Copie exécutoire à Me Stéphan GAUTHIER
Délivrée le 25 Septembre 2025
Copie dossier
NOM DES PARTIES :
DEMANDERESSES :
Madame [G] [E]
née le 12 Novembre 1993 à [Localité 3], demeurant [Adresse 2]
représentée par Me Stéphan GAUTHIER, avocat au barreau d’AIX-EN-PROVENCE
Madame [R] [N]
née le 18 Juin 1959 à [Localité 5], demeurant [Adresse 2]
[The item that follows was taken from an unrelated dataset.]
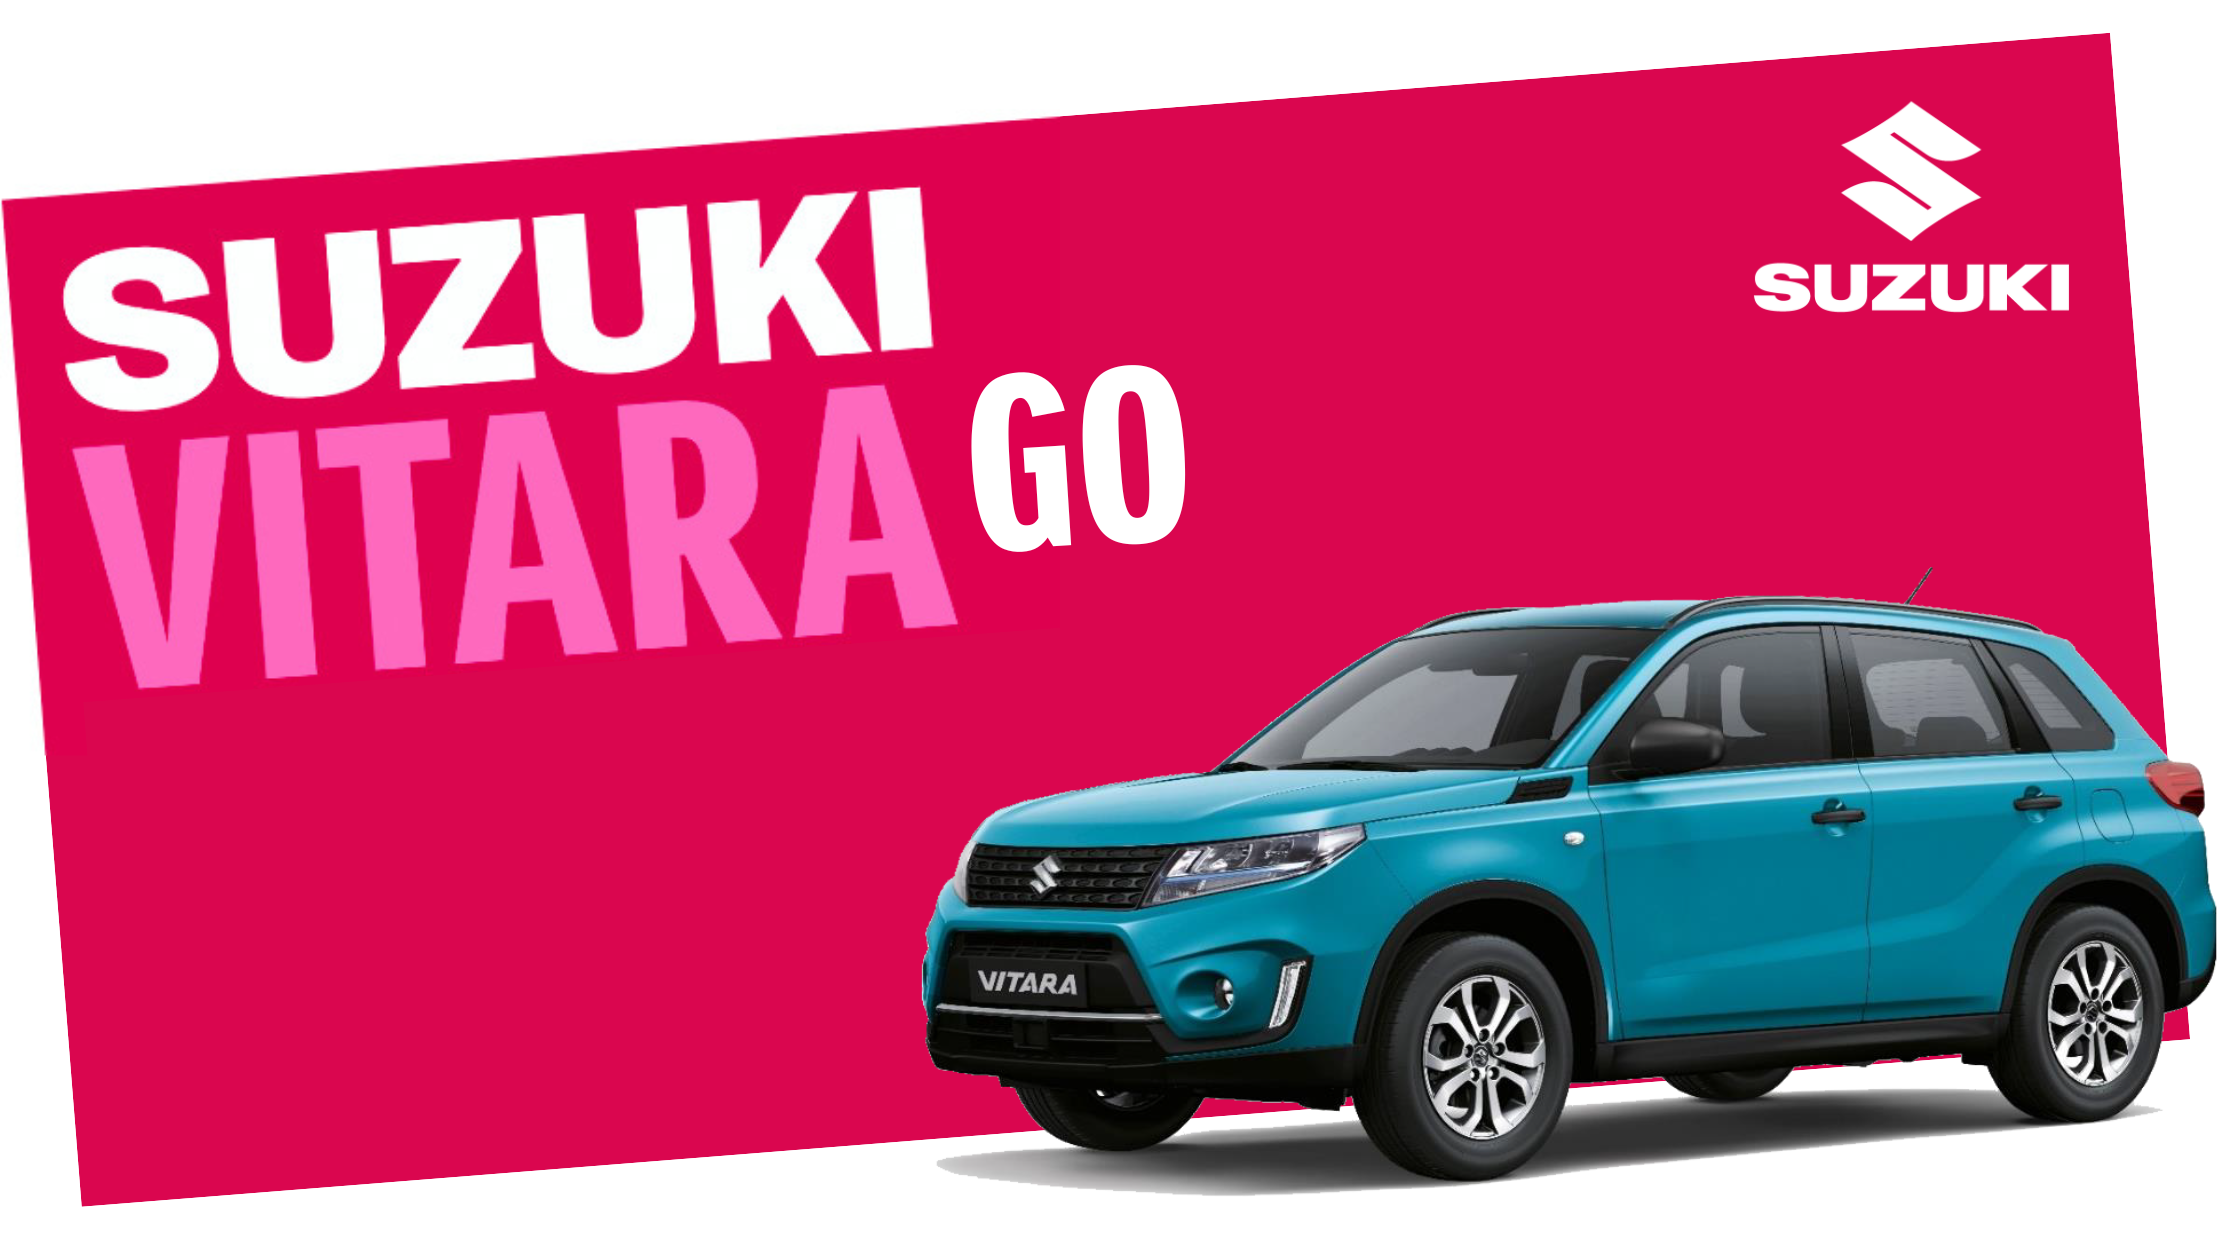 Ready, Set, VITARA GO! Suzuki launches limited edition model

représentée par Me Stéphan GAUTHIER, avocat au barreau d’AIX-EN-PROVENCE
D’UNE PART ;
DEFENDEUR :
Monsieur [J] [Y], demeurant [Adresse 1]
Non comparant
D’AUTRE PART ;
******************
EXPOSE DU LITIGE
Madame [R] [N], souhaitant aménager son garage en studio pour sa fille Madame [G] [E] qui débutait des études à proximité, s’est rapproché de l’entreprise [J] MACONNERIE, dont elle connaissait le gérant, Monsieur [J] [Y], pour avoir fait appel à lui lors de précédents travaux de maçonnerie.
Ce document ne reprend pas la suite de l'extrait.